Difference between revisions of "1978 IMO Problems/Problem 6"

Latest revision as of 19:45, 7 July 2023

$\emph{Problem:}$ An international society has its members from six different countries. The list of members has 1978 names, numbered $1, 2, \ldots, 1978$ . Prove that there is at least one member whose number is the sum of the numbers of two (not necessarily distinct) members from his own country.

$\emph{Proof:}$ Suppose the contrary. Then there exists a partition of $\{1,2,3,\ldots, 1978\}$ into 6 difference-free subsets $A,B,C,D,E,F$ . A set S is difference-free if there are not $x,y,z \in S$ such that x = y - z.

By the Pigeonhole principle, one of these subsets, say $A$ , has a minimum of $\left \lfloor \frac{1978}{6}\right \rfloor +1 = 330$ members, $a_1 < a_2 < \ldots < a_{330}$ . Since $A$ is difference-free, each of the $329$ differences $a_{330} - a_1, a_{330} - a_2, \ldots, a_{330} - a_{329}$ cannot belong to $A$ , and so must belong to one of $B, C, D, E, F$ .

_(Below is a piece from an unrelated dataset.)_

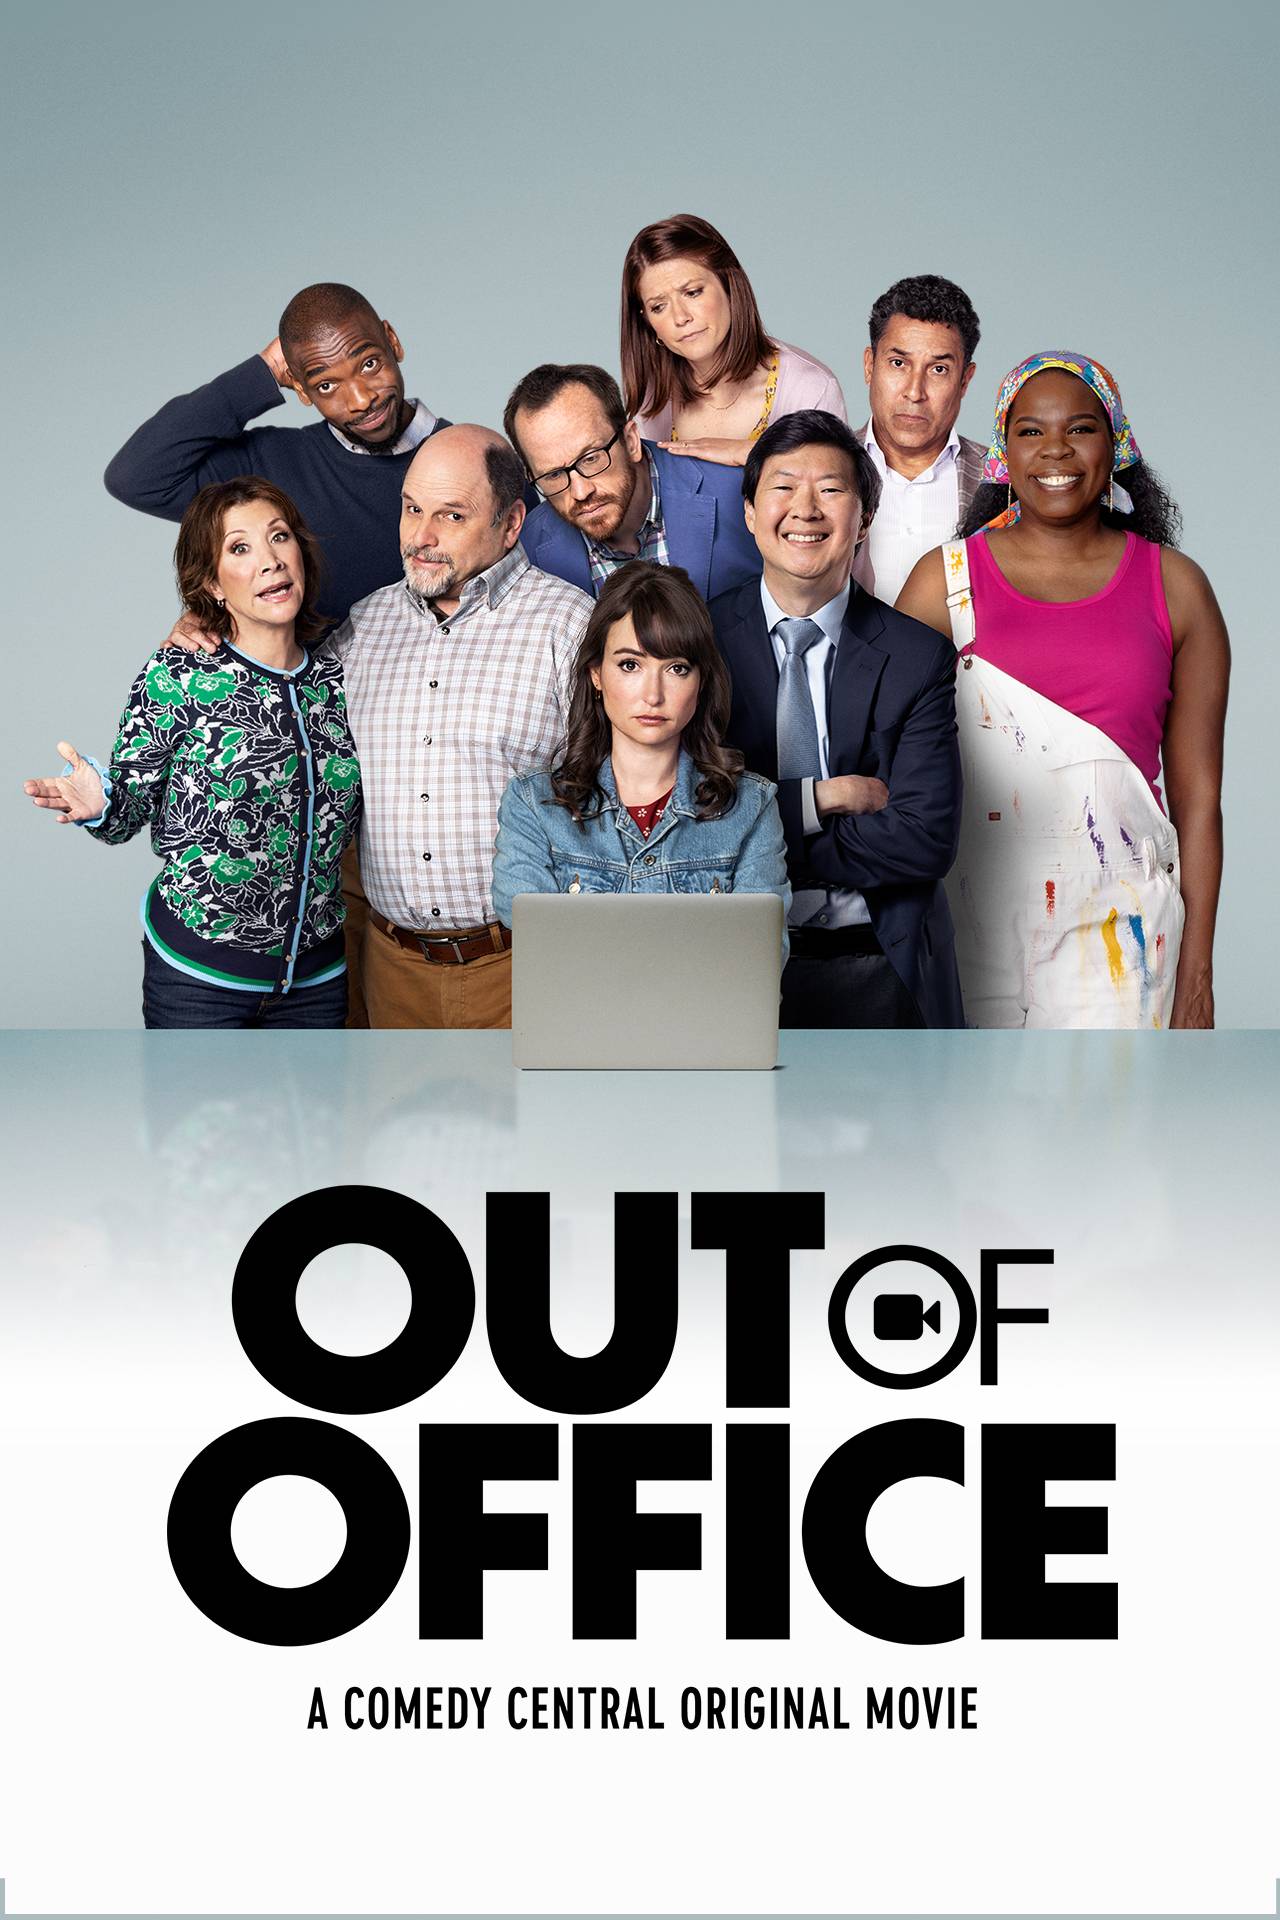 Total 80+ imagen comedy central the office

One of these subsets, say $B$ , has a minimum of $\left \lfloor \frac{329}{5}\right \rfloor +1 = 66$ members, $b_1 < b_2 < \ldots < b_{66}$ . Since $A$ and $B$ are difference-free, each of the $65$ differences $b_{66} - b_1, b_{66} - b_2, \ldots, b_{66} - b_{65}$ cannot belong to one of $A, B$ , and so must belong to one of $C, D, E, F$ .

One of these subsets, say $C$ , has a minimum of $\left \lfloor \frac{65}{4}\right \rfloor +1 = 17$ members, $c_1 < c_2 < \ldots < c_{17}$ . Since $A, B, C$ are difference-free, each of the $16$ differences $c_{17} - c_1, c_{17} - c_2, \ldots, c_{17} - c_{16}$ cannot belong to one of $A, B, C$ , and so must belong to one of $D, E, F$ .

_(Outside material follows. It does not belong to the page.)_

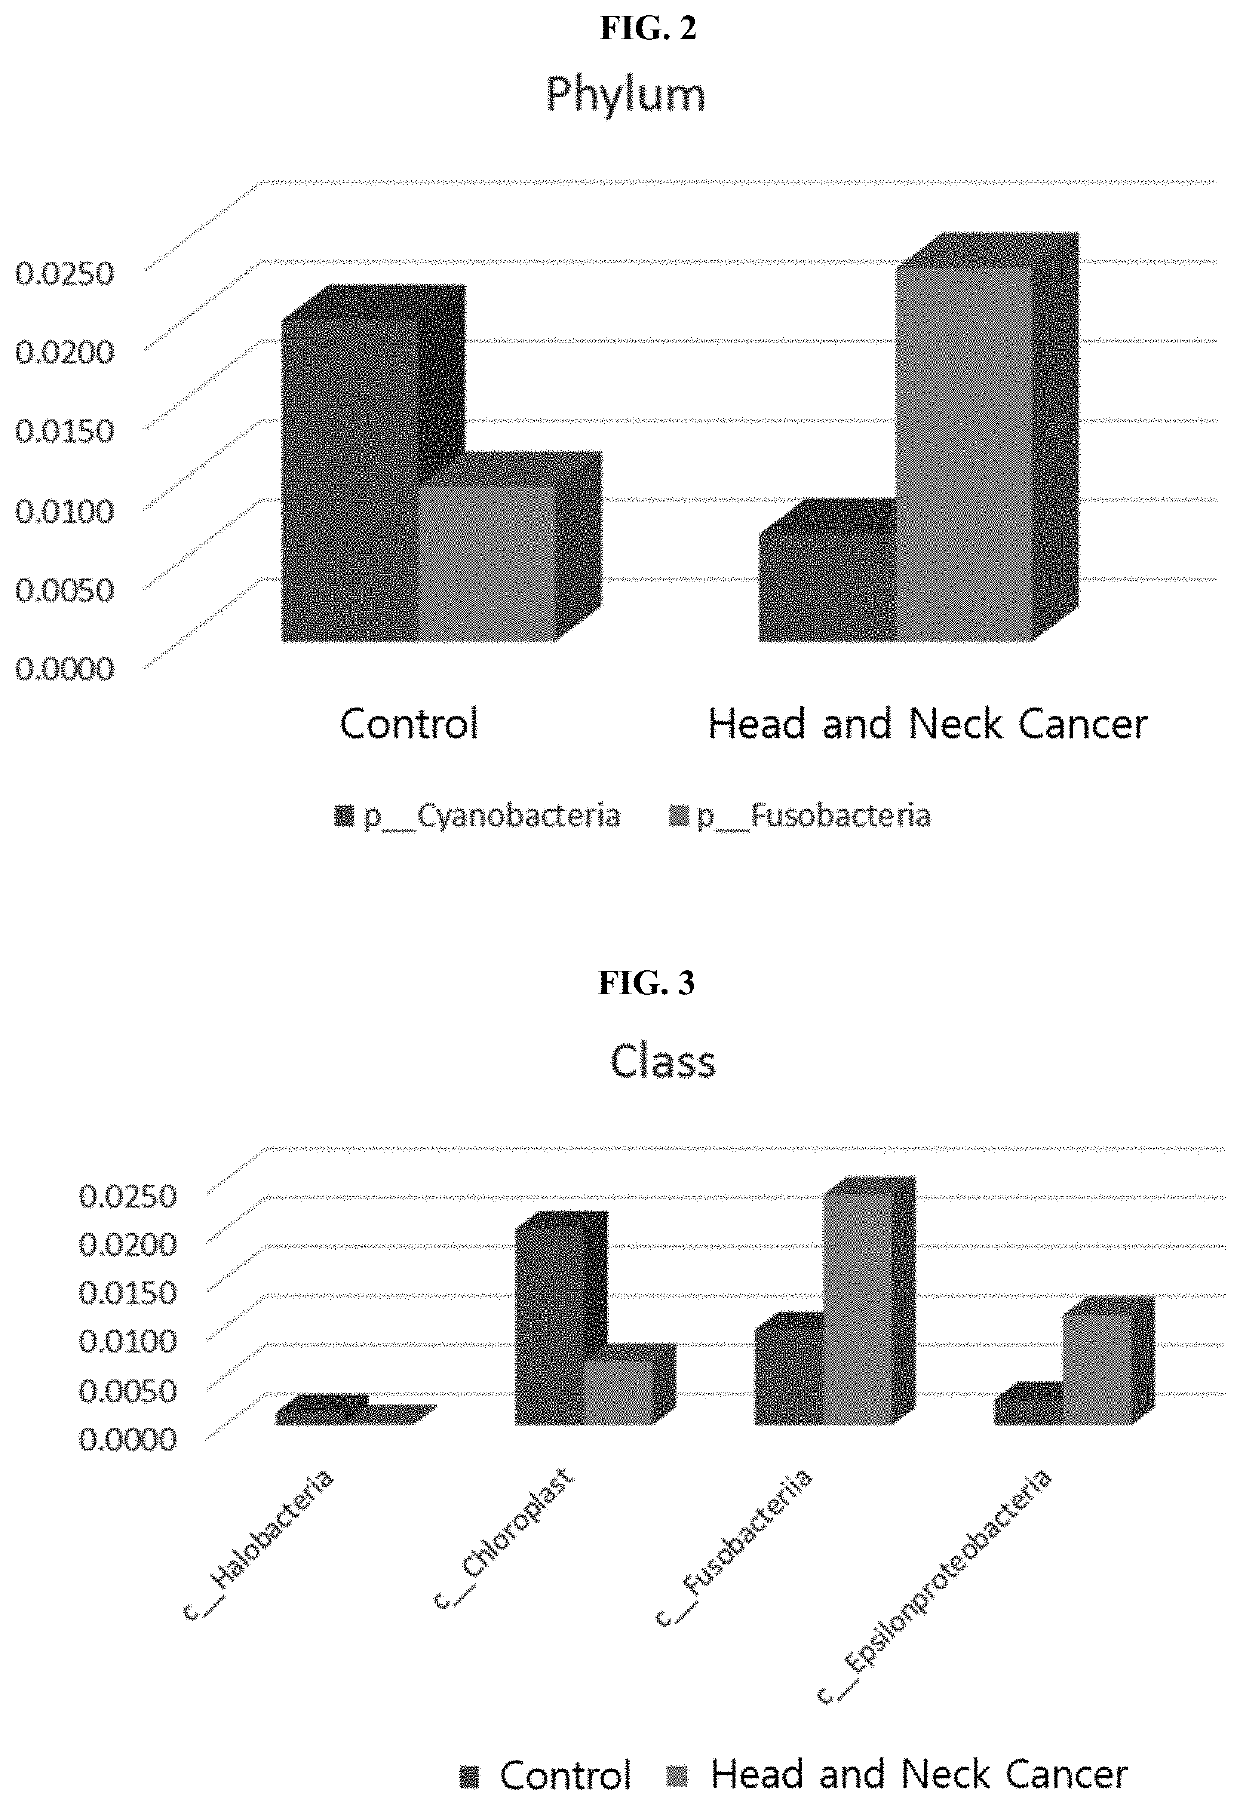 Method for diagnosing head and neck cancer via bacterial metagenomic analysis

One of these subsets, say $D$ , has a minimum of $\left \lfloor \frac{16}{3}\right \rfloor +1 = 6$ members, $d_1 < d_2 < \ldots < d_6$ . Since $A, B, C, D$ are difference-free, each of the $5$ differences $d_6 - d_1, d_6 - d_2, \ldots, d_6 - d_5$ cannot belong to one of $A, B, C, D$ , and so must belong to one of $E, F$ .

One of these subsets, say $E$ , has a minimum of $\left \lfloor \frac{5}{2}\right \rfloor +1 = 3$ members, $e_1 < e_2 < e_3$ . Since $A, B, C, D, E$ are difference-free, each of the $2$ differences $e_3 - e_1, e_3 - e_2$ cannot belong to one of $A, B, C, D, E$ , and so must belong to $F$ .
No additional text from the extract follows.